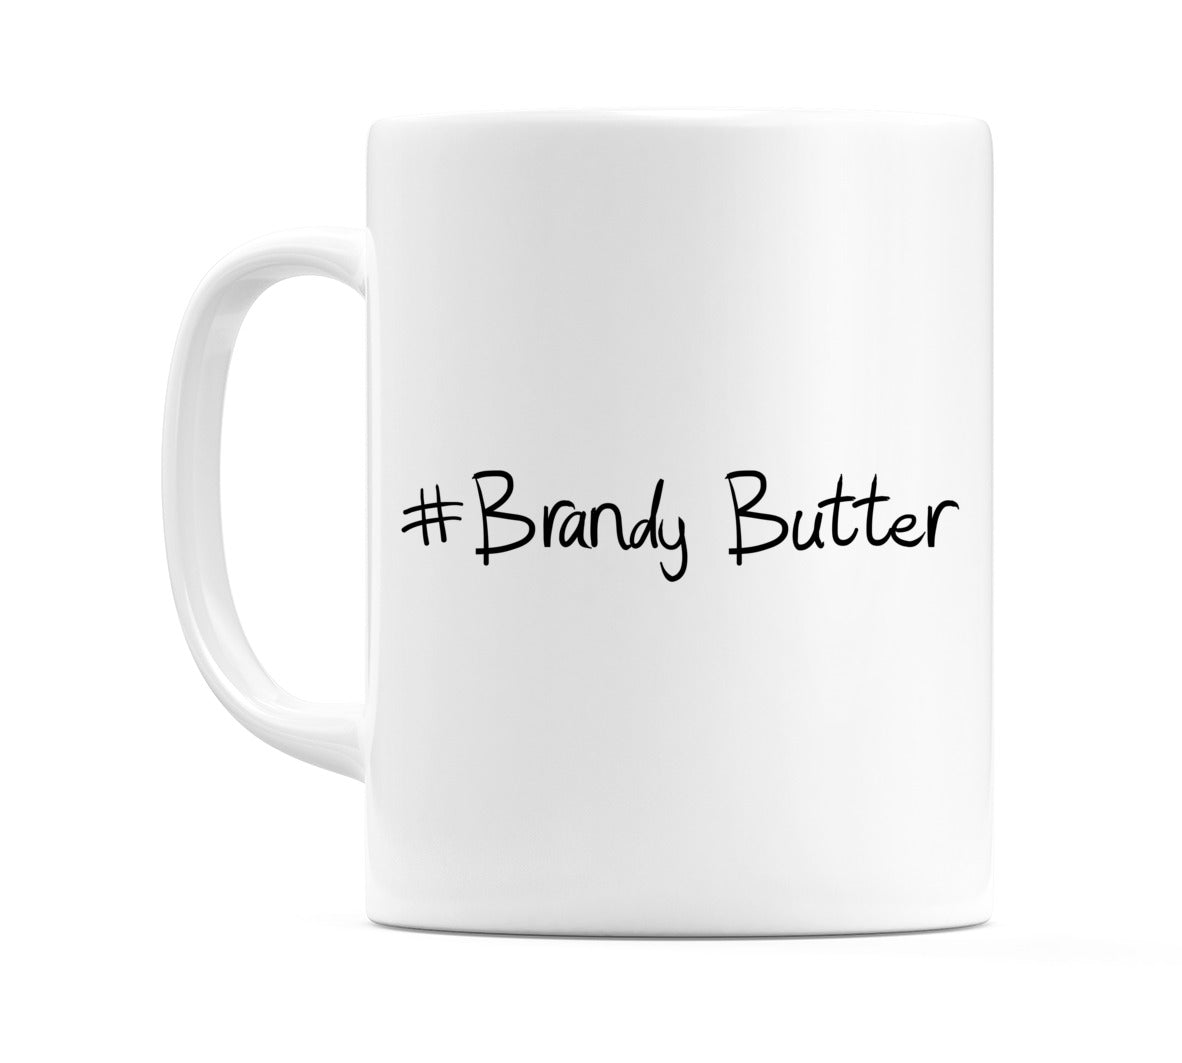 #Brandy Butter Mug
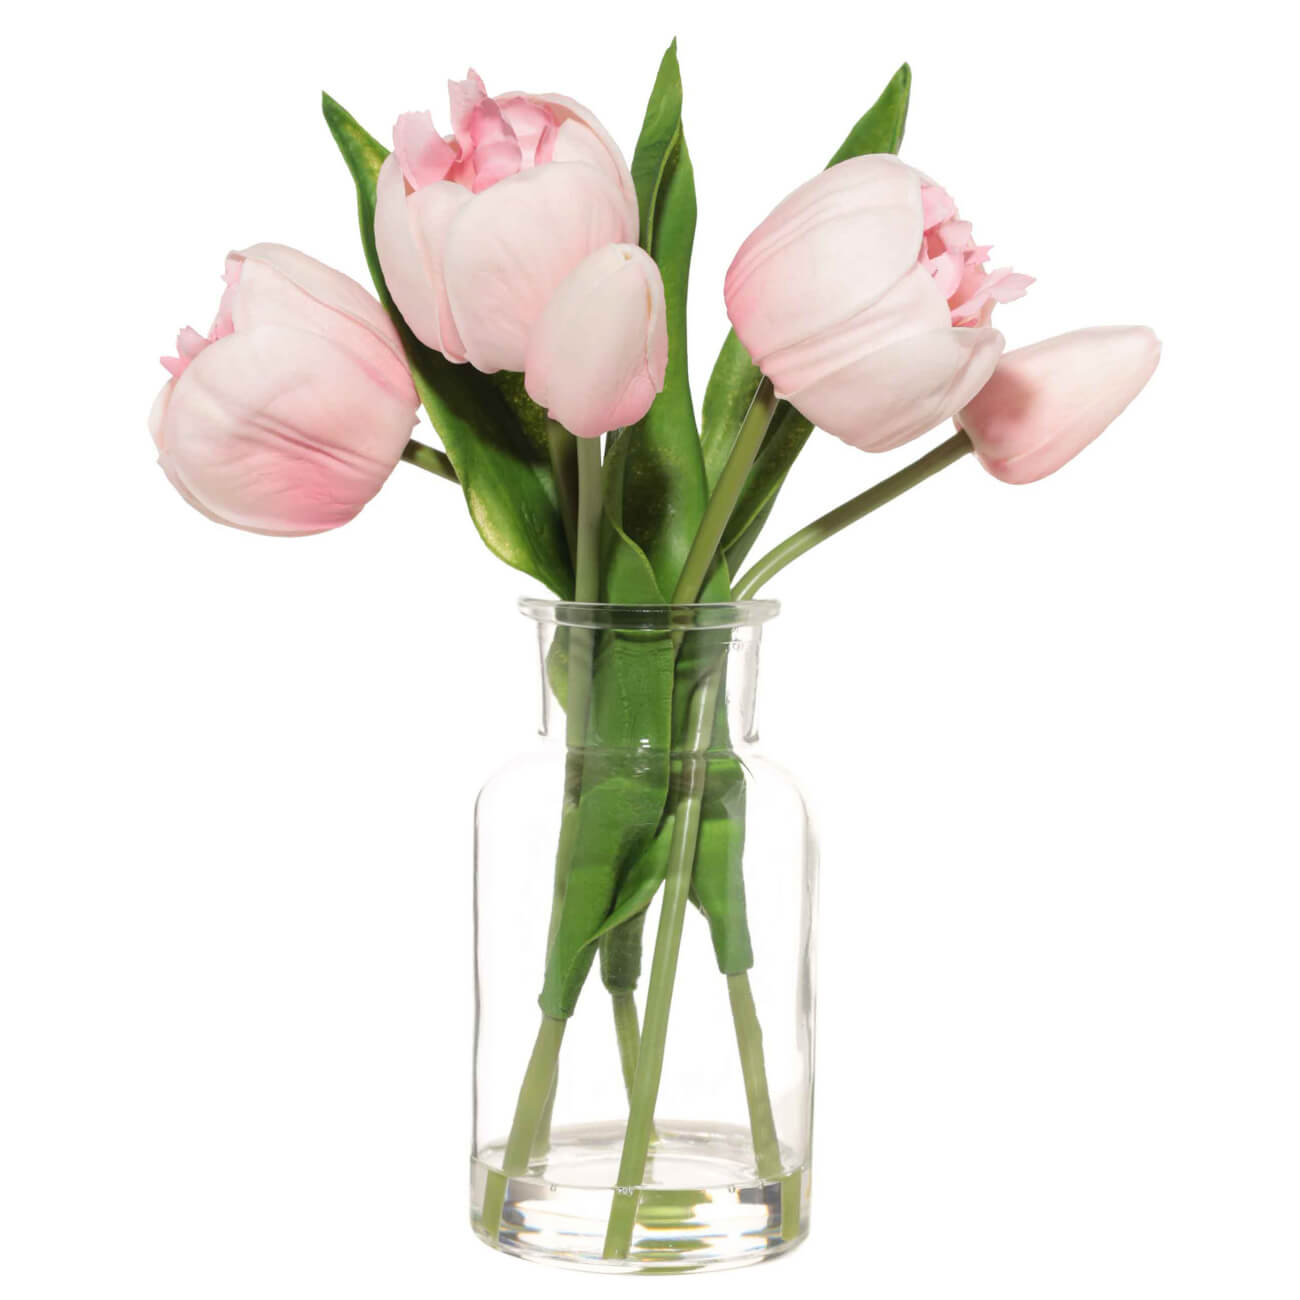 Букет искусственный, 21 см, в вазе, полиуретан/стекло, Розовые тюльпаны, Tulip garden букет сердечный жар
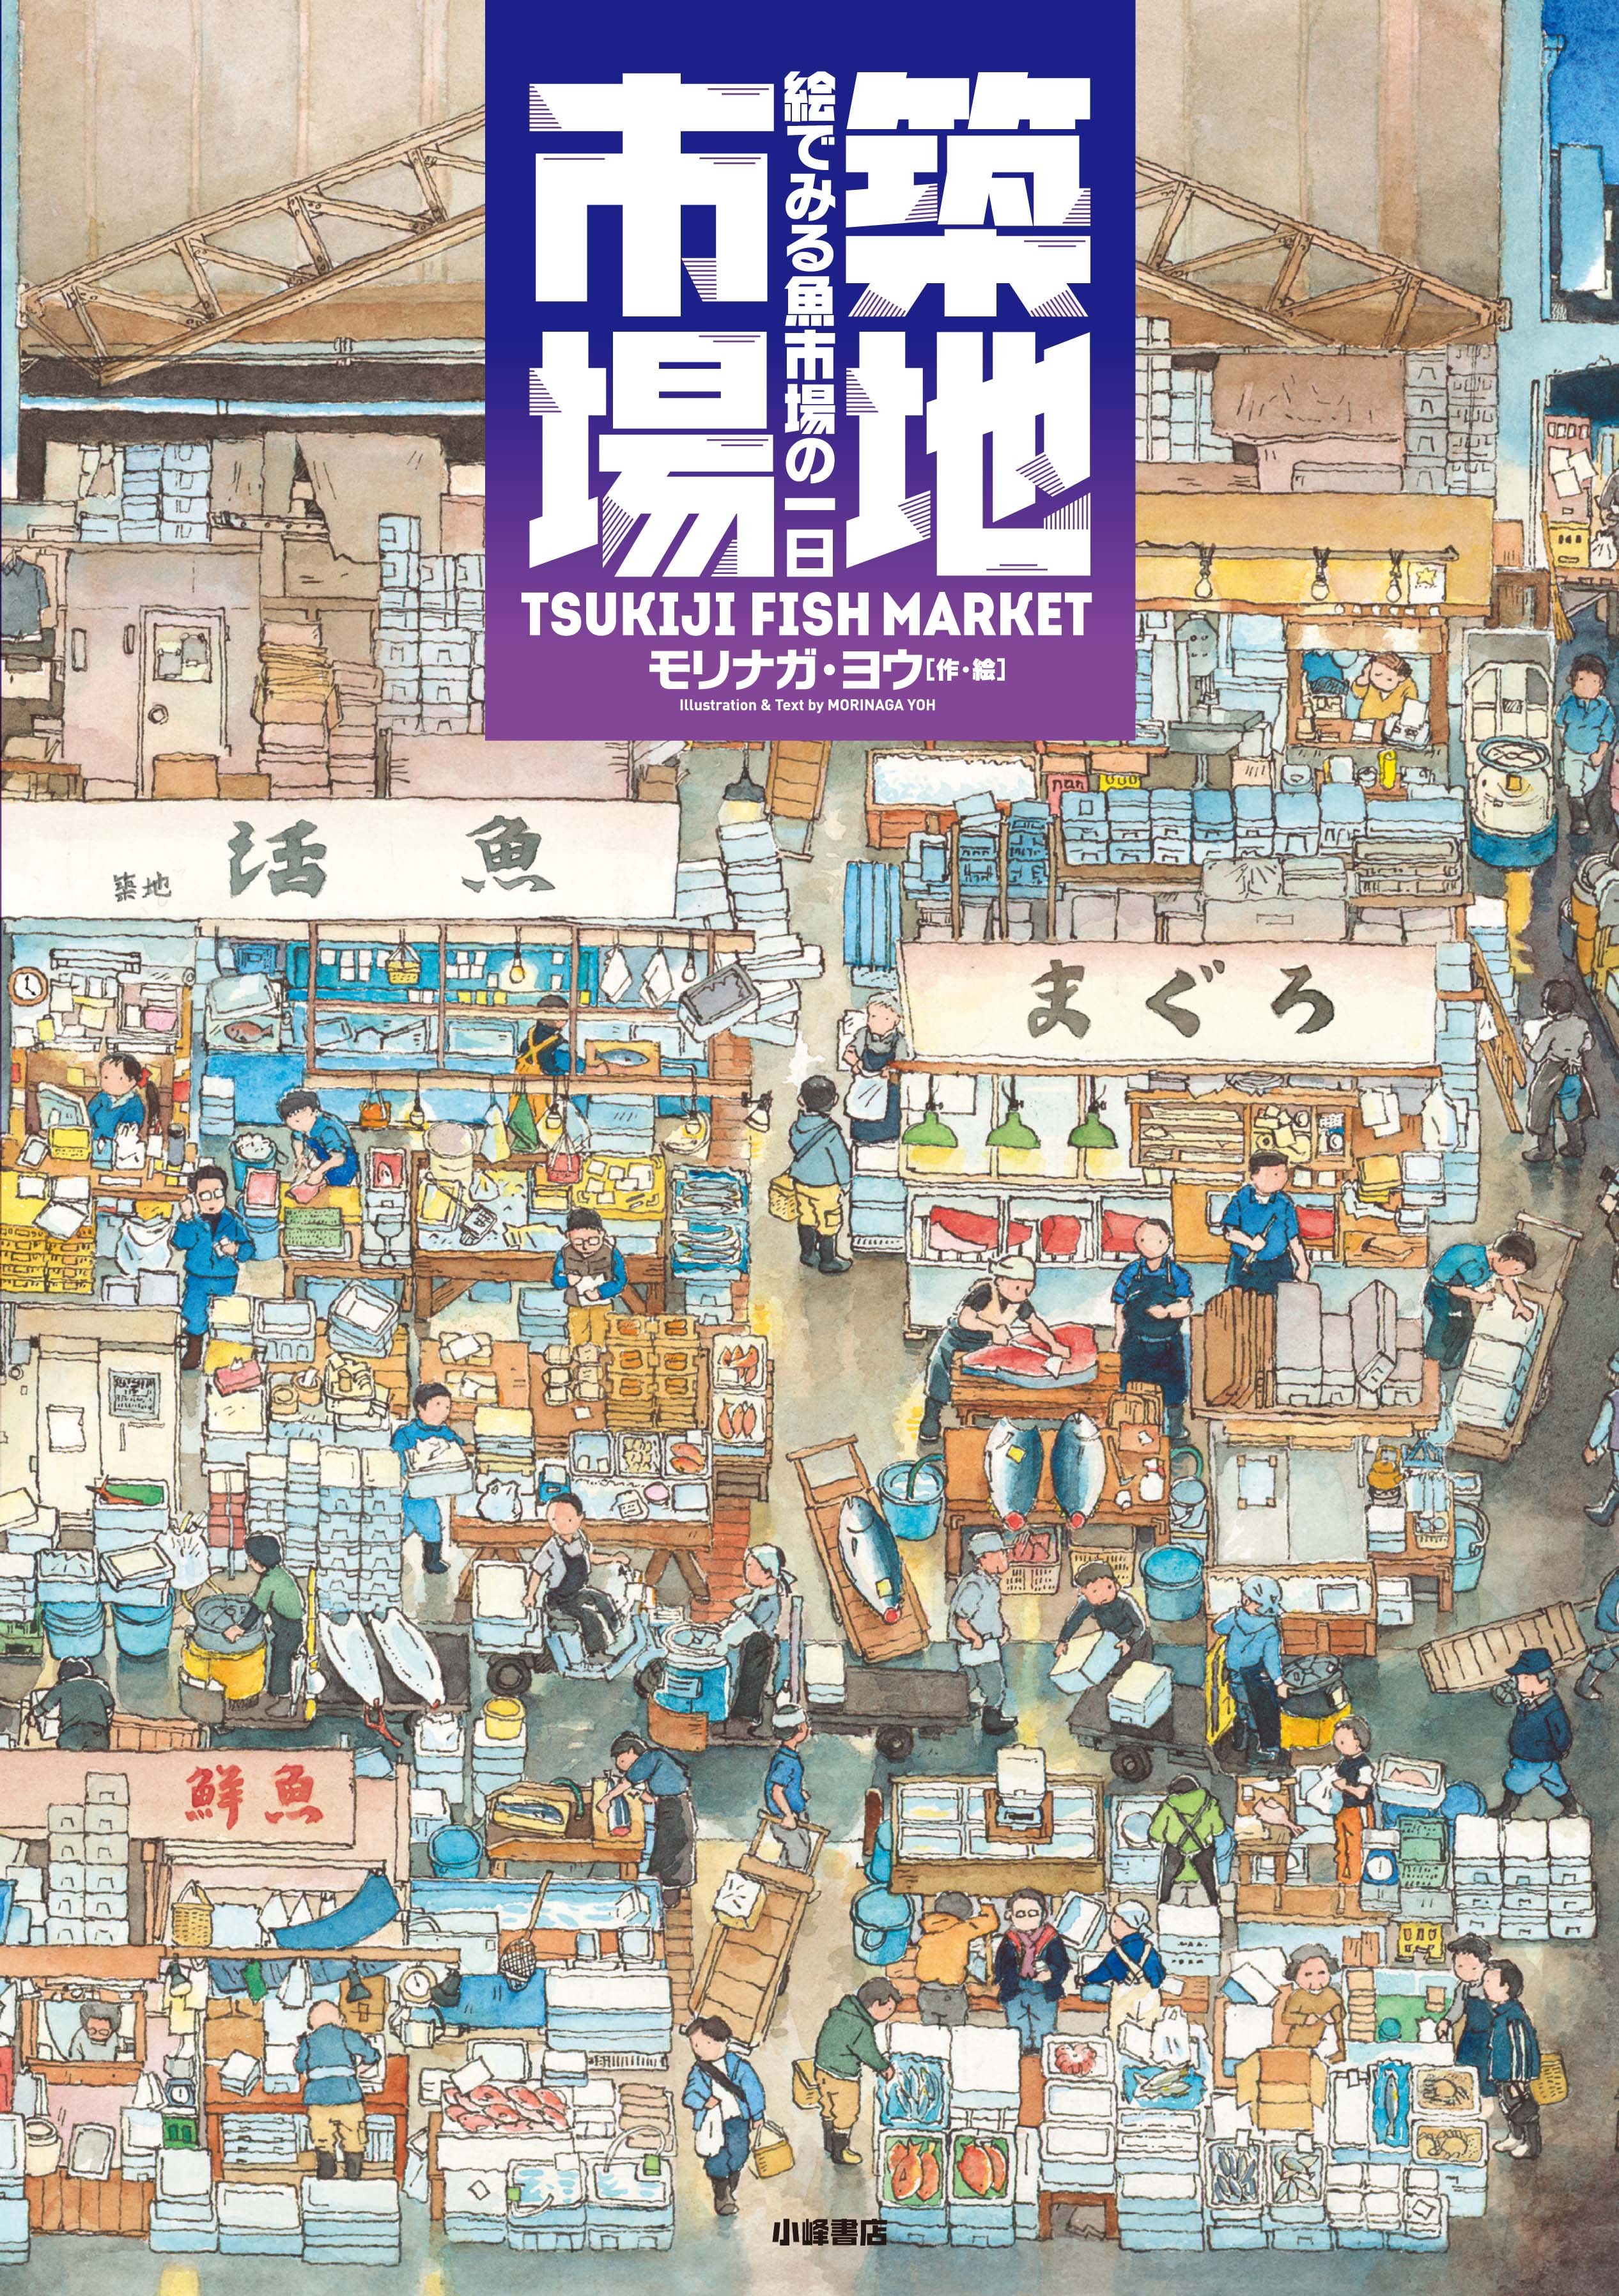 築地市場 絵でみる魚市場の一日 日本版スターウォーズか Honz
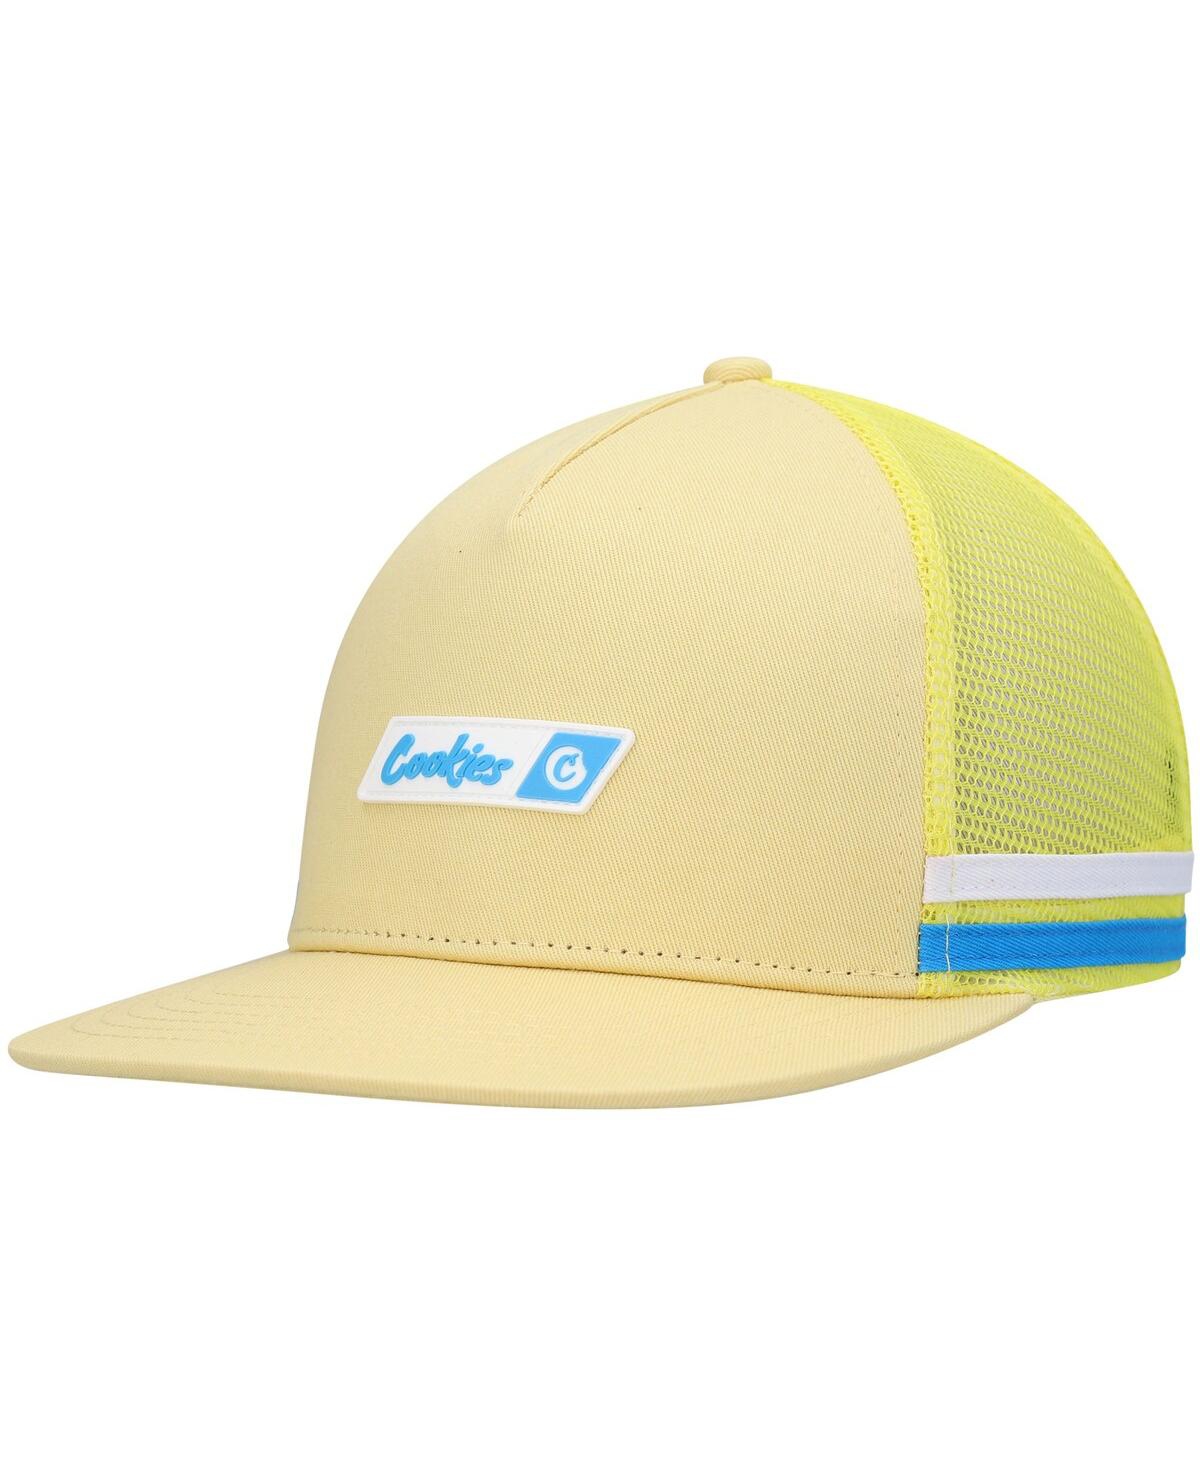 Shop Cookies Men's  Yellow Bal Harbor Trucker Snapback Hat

========================

**Required work**
If pictures appear in the data, do not print them; repeat the rest exactly.

**Solution to this exercise**
 #Brandy Butter Mug
 Букет искусственный, 21 см, в вазе, полиуретан/стекло, Розовые тюльпаны, Tulip garden букет сердечный жар
 築地市場 絵でみる魚市場の一日 日本版スターウォーズか Honz
 Shop Cookies Men's  Yellow Bal Harbor Trucker Snapback Hat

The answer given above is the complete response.